Problem description -> Beginning with the line that contains "Drei Comic-gelbe Bananen.", repeat each line exactly through the end of the listing below. Pictures stay out.

Provided material ->
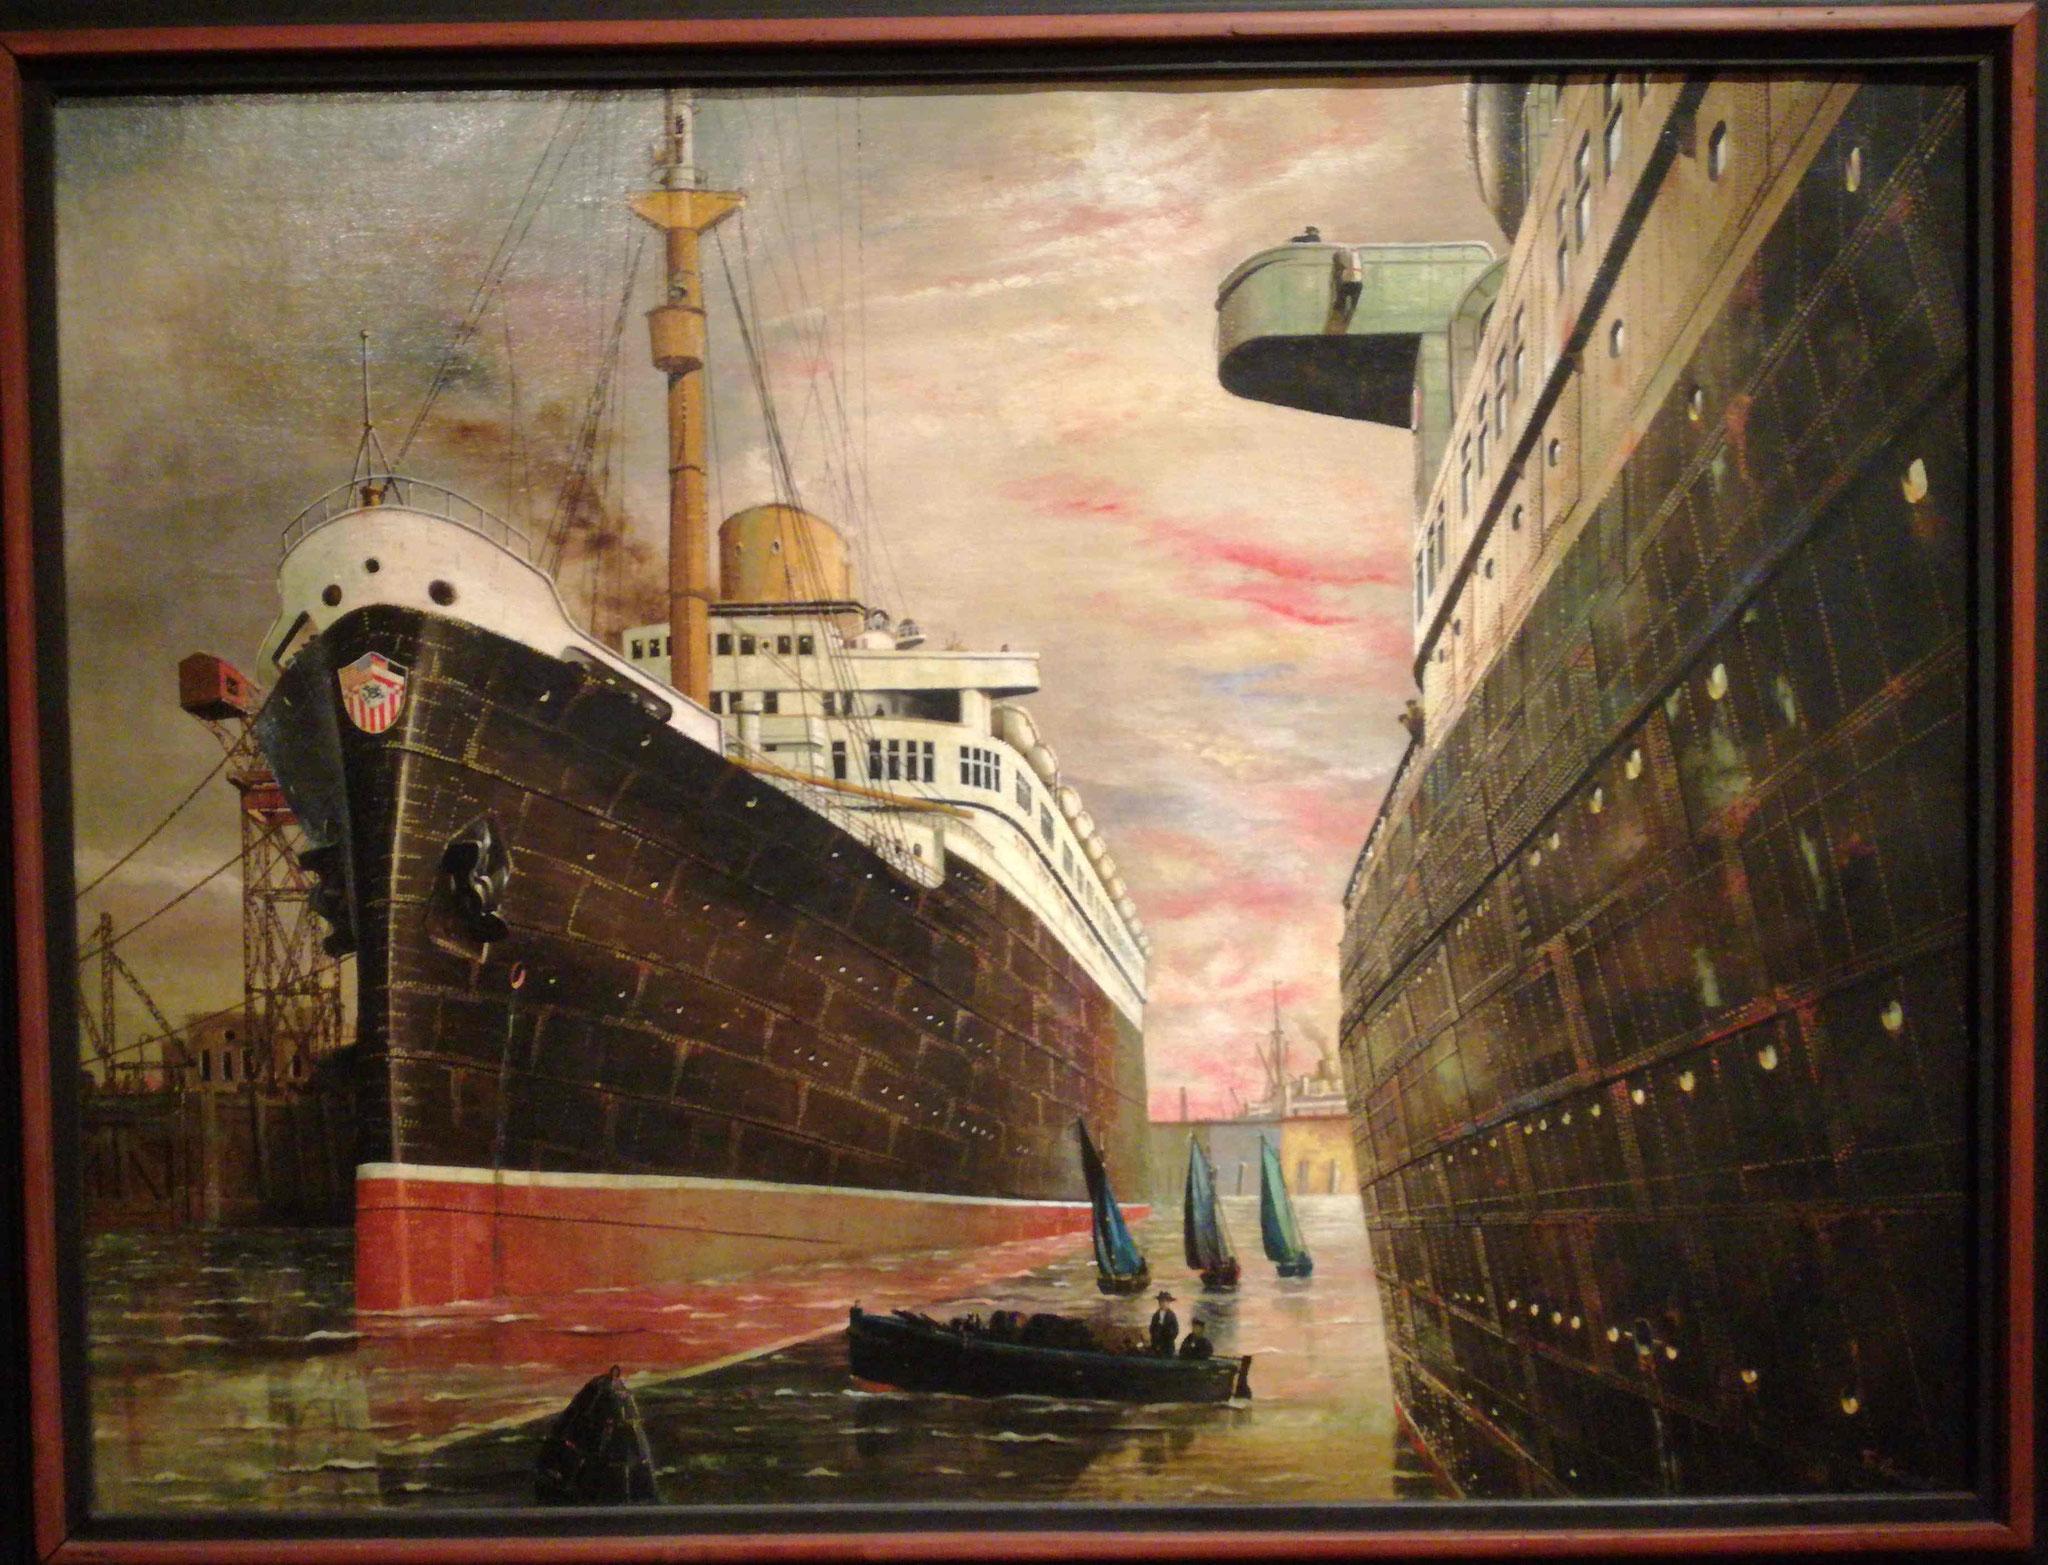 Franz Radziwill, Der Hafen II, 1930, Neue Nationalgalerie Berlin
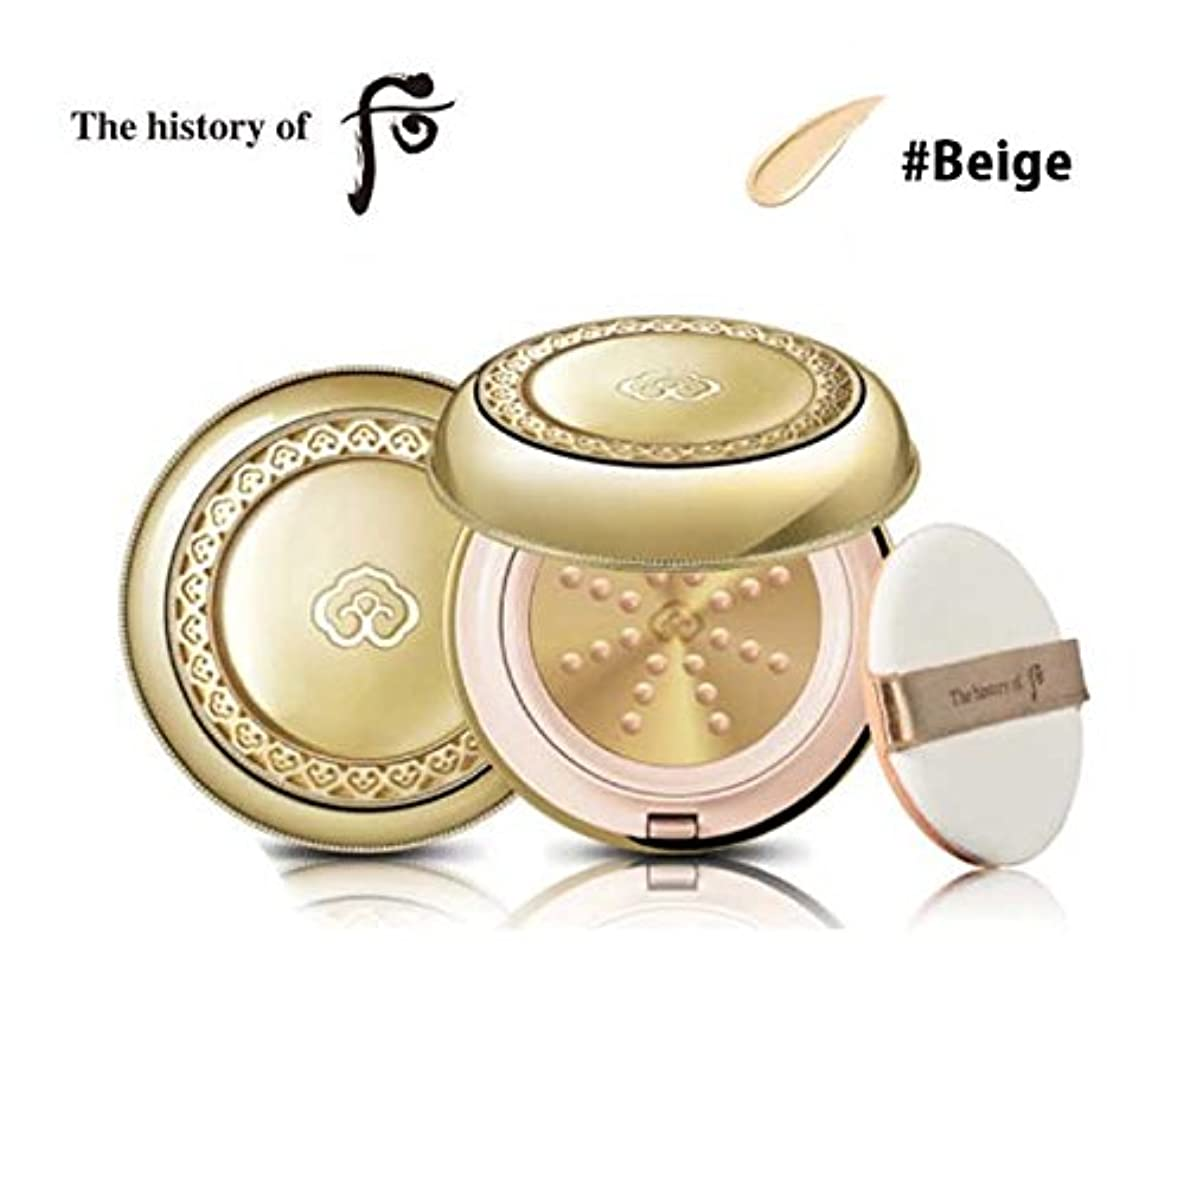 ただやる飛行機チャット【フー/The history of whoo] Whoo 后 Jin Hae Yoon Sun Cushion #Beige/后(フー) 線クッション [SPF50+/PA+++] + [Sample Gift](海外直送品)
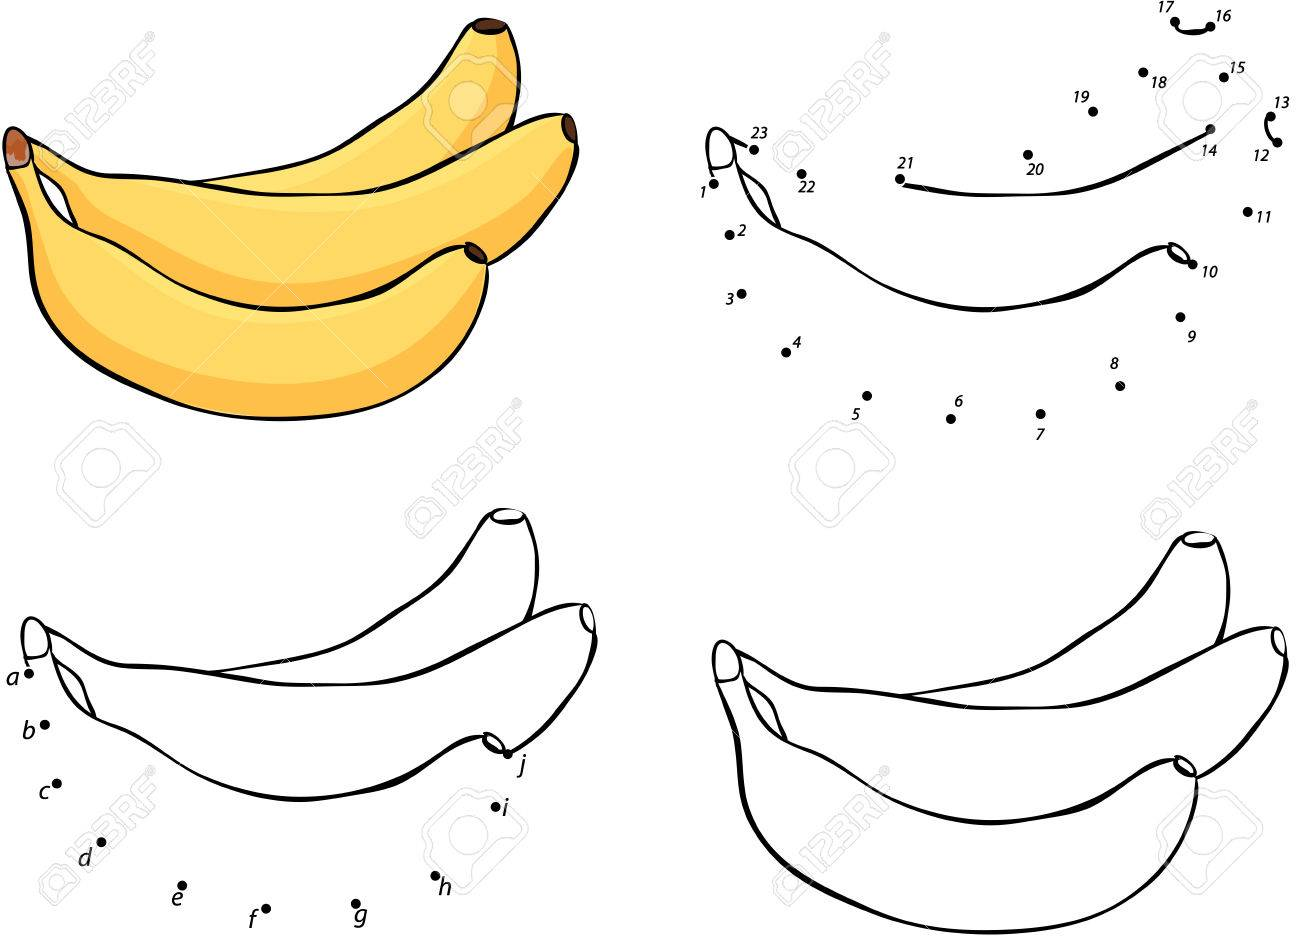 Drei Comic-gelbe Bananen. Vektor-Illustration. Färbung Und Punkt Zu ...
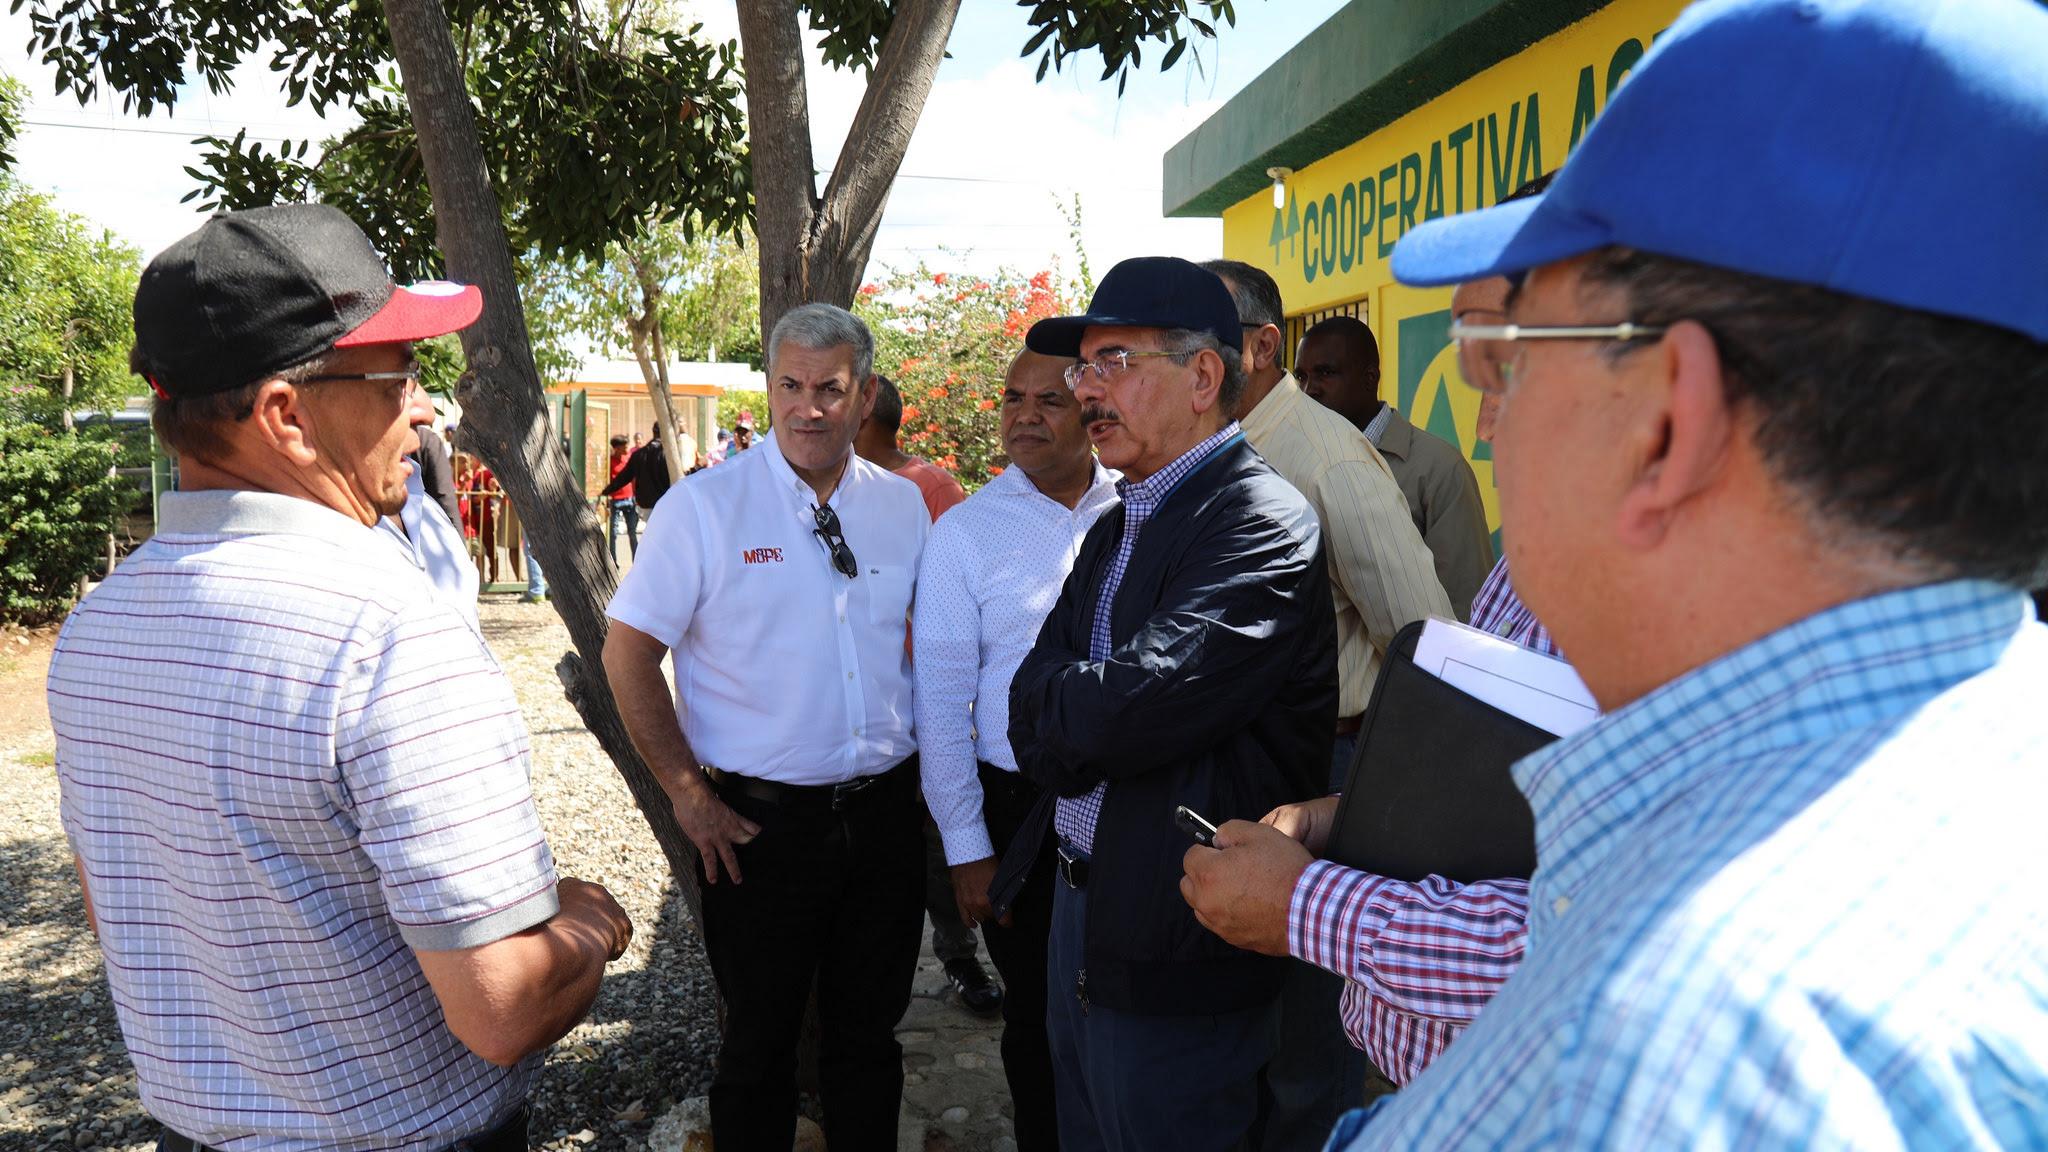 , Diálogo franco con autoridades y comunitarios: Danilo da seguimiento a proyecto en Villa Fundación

Response for this exercise ->
 Drei Comic-gelbe Bananen. Vektor-Illustration. Färbung Und Punkt Zu ...
 , Diálogo franco con autoridades y comunitarios: Danilo da seguimiento a proyecto en Villa Fundación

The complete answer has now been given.